Encountered a fishy-looking behavior of Delta: gives for DTE=3y, S=100, K=10 and IV=10 a Delta of 1, for IV=50 a Delta < 1, and for IV=500 again a Delta of 1. Isn't this illogical? Or is this caused by some internal floating-point rounding errors? It seems Delta is "oscillating"...
Finding IV for a DITM strike (here K=10) with Delta=0.999, using these other specs/params: Code: find_IV_for_Delta fCall=1 Delta=0.999 S=100.0000 K=10.00 DTE=1095.00 IVstart=100.00 IVend=1000.00 IVstep=1.00 rPct=0.00 qPct=0.00 : fFound=1 cSteps=204 IV=303.00 DeltaX=0.999
I don't use margin. To afraid of screwing up. I did not say I could pick market beating stocks. I said, you can pick stocks that will go up. It is actually very hard to beat the market over a long period of time for most investors.

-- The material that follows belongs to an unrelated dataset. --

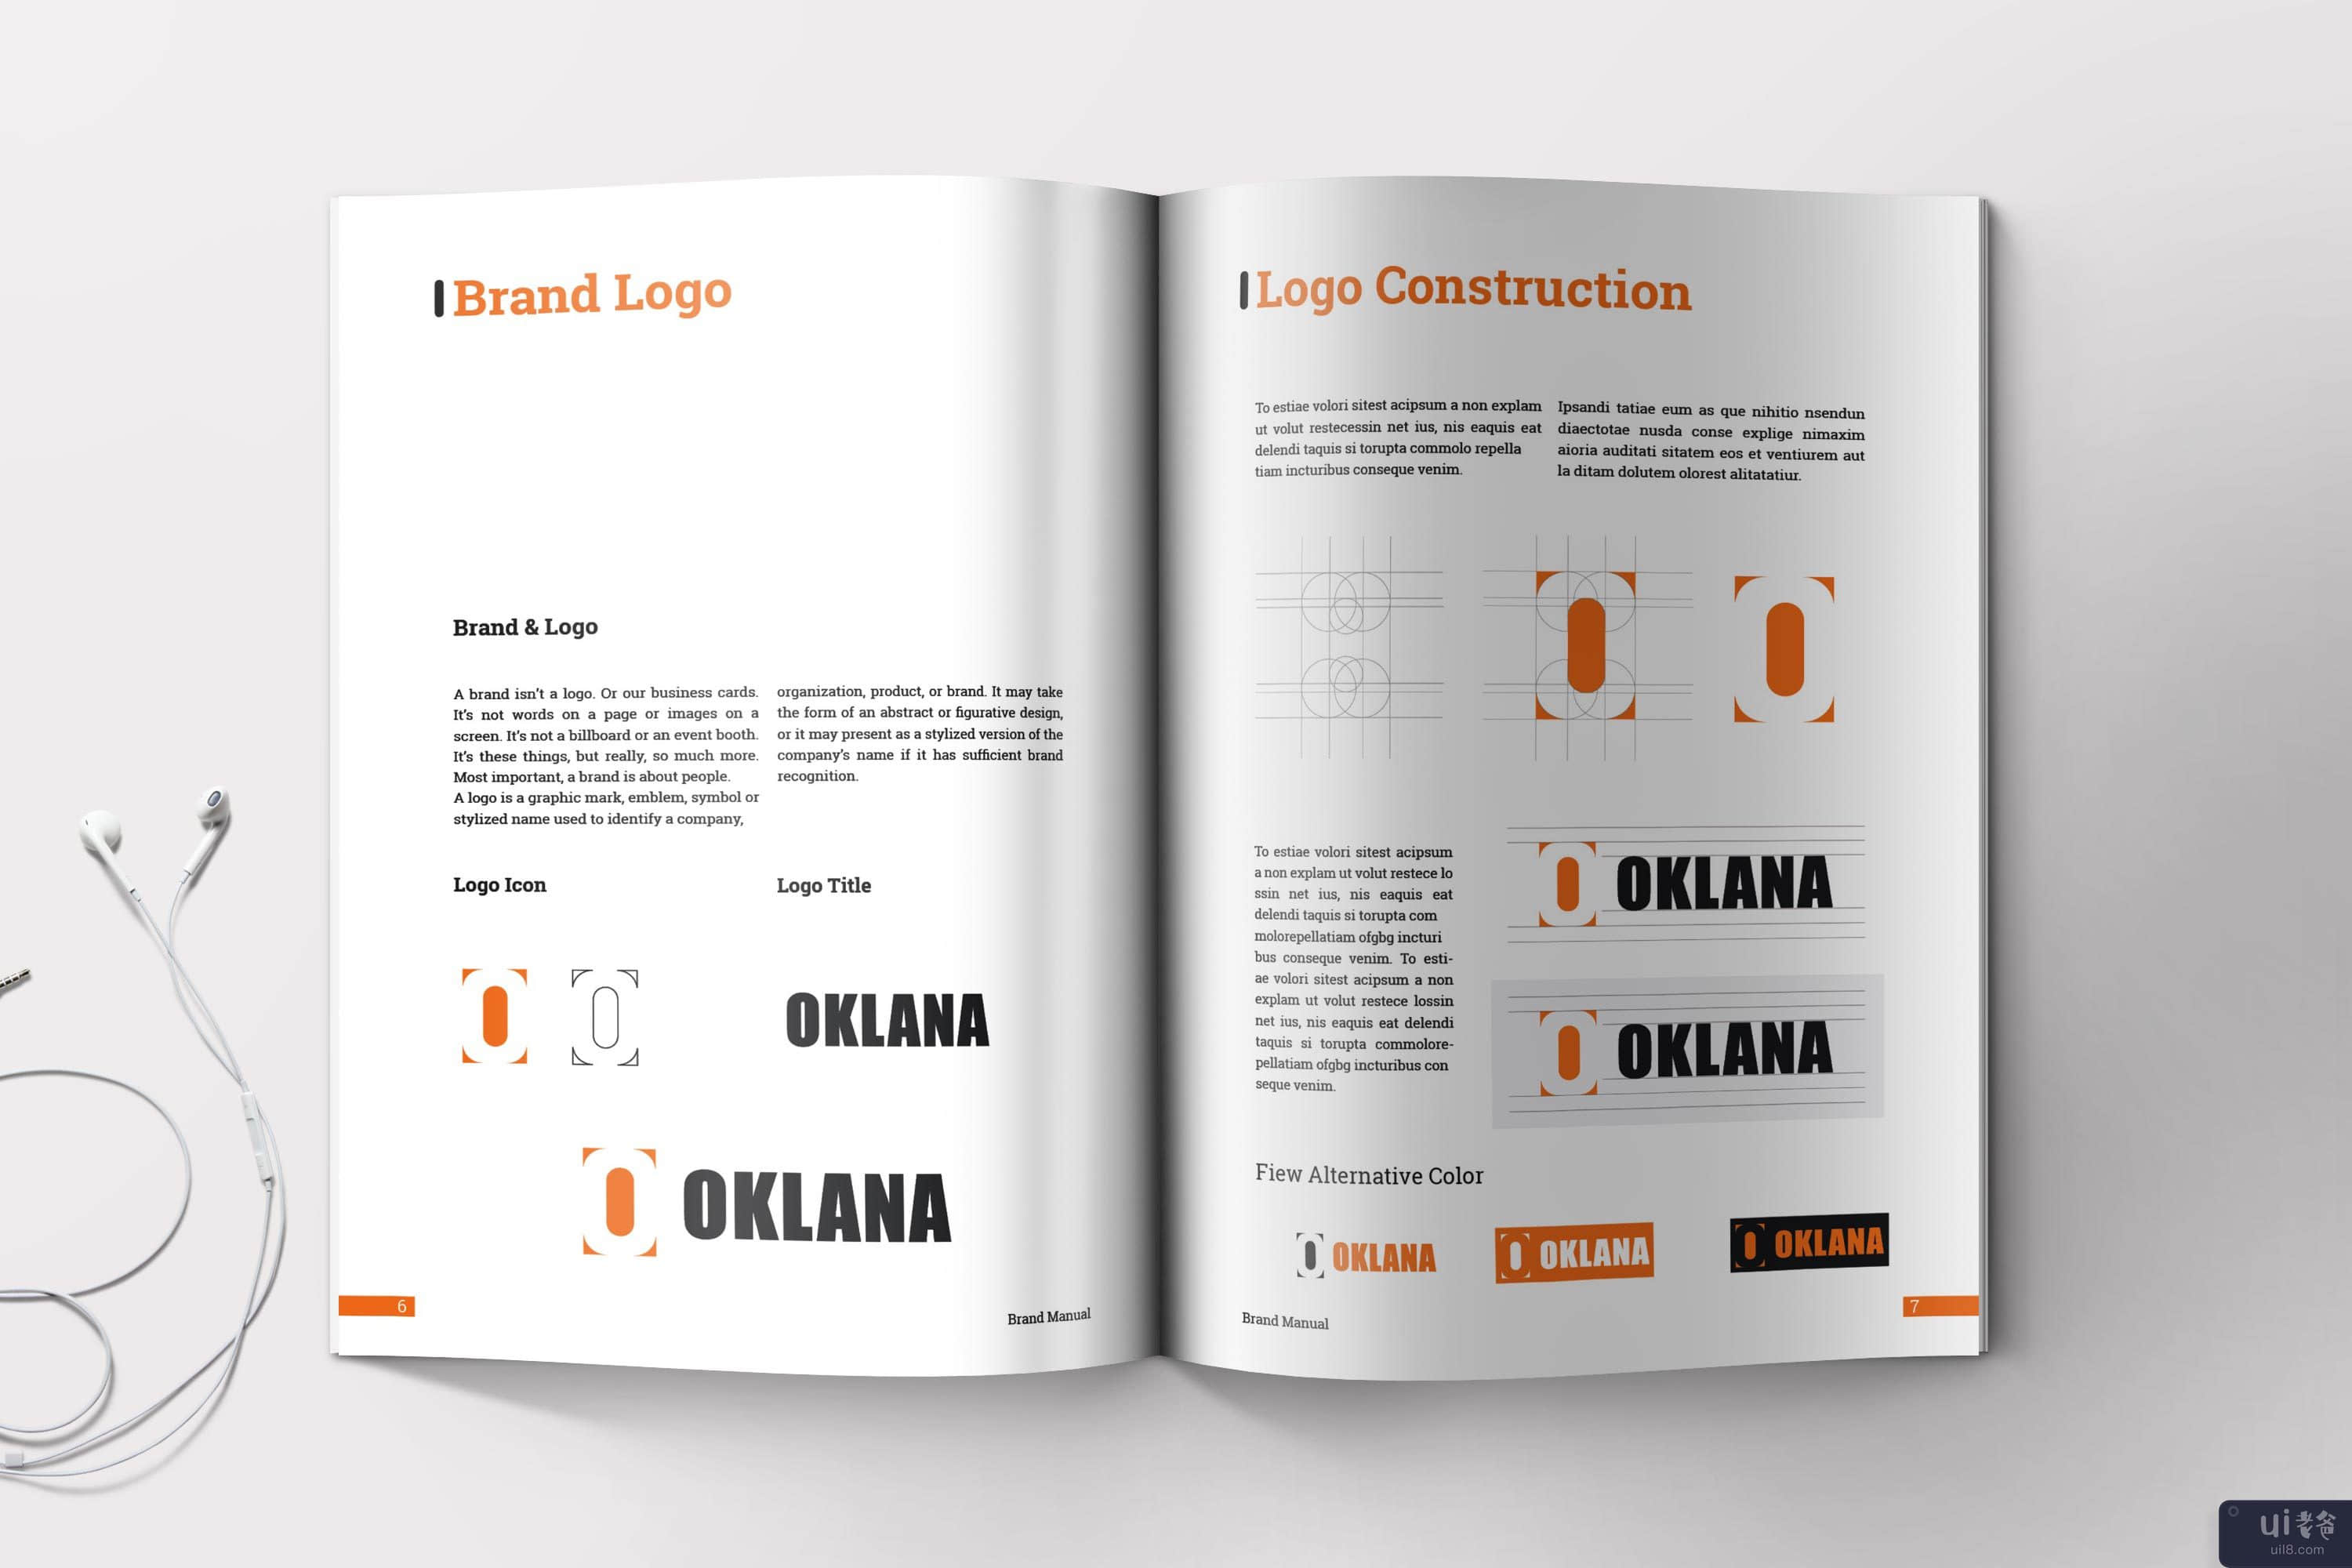 品牌手册指南 | InDesign 模板(Brand Manual Guideline | InDesign Template)插图7

The value of the call is priced to the forward + put premium (reversal). The difference between the call price as proxy and the shares is the put. Sure, the call is a cheaper outlay but there is no free lunch.
So you want to trade based on generalities, fear and ignorance of standard tools, and no ability to pick stocks - but want to focus on option strategies. Hint: changing the color of your screwdriver will not grant you the ability to design a nuclear power plant. Incidentally - I'm not trying to be mean or insulting; I'm trying to tell you that your approach has nothing worthwhile in it. Not even a learning opportunity, since your basic premise is flawed. But it seems you're banging ahead regardless of what you're told, so... good luck at the slot machine, I guess.
I have an ability to pick stocks. I know technical analysis and fundamental analysis. Can I beat the market, maybe not, or if I can, by 1.5% per year. Unless you have a very concentrated portfolio of 8 stocks or so, which you spend an enormous amount of time studying, it is hard to beat the market by more than 1.5% per year. I have been picking stocks for 27 years, it is much harder than people realize to beat the market by more than a small amount. At one point, you could beat it by picking small value stocks, but that stopped working.
Anyway, I am risk adverse, so I will paper trade before committing real money to these strategies. I sold options before, and it took a lot of time, and then I made a terrible trade. One of those you sell a cash secured put, and it goes down 20% in an hour.
If you can't beat the market and are risk-adverse then, paraphrasing (Bruce Lee's "be like water"), be like the market. Buy an index, get good steady returns, while lowering your transactions costs considerably. Leave a check with the receptionist on your way out.